TRY IT
Taking the line that contains "Black on Black" as the first, copy each line exactly up to and including the last line below.

GIVEN INFORMATION

______________________________

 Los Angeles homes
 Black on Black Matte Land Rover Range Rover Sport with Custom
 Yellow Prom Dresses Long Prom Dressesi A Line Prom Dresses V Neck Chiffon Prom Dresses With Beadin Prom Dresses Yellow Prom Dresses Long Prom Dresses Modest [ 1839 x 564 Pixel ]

______________________________

EXPECTED OUTPUT
 Black on Black Matte Land Rover Range Rover Sport with Custom
 Yellow Prom Dresses Long Prom Dressesi A Line Prom Dresses V Neck Chiffon Prom Dresses With Beadin Prom Dresses Yellow Prom Dresses Long Prom Dresses Modest [ 1839 x 564 Pixel ]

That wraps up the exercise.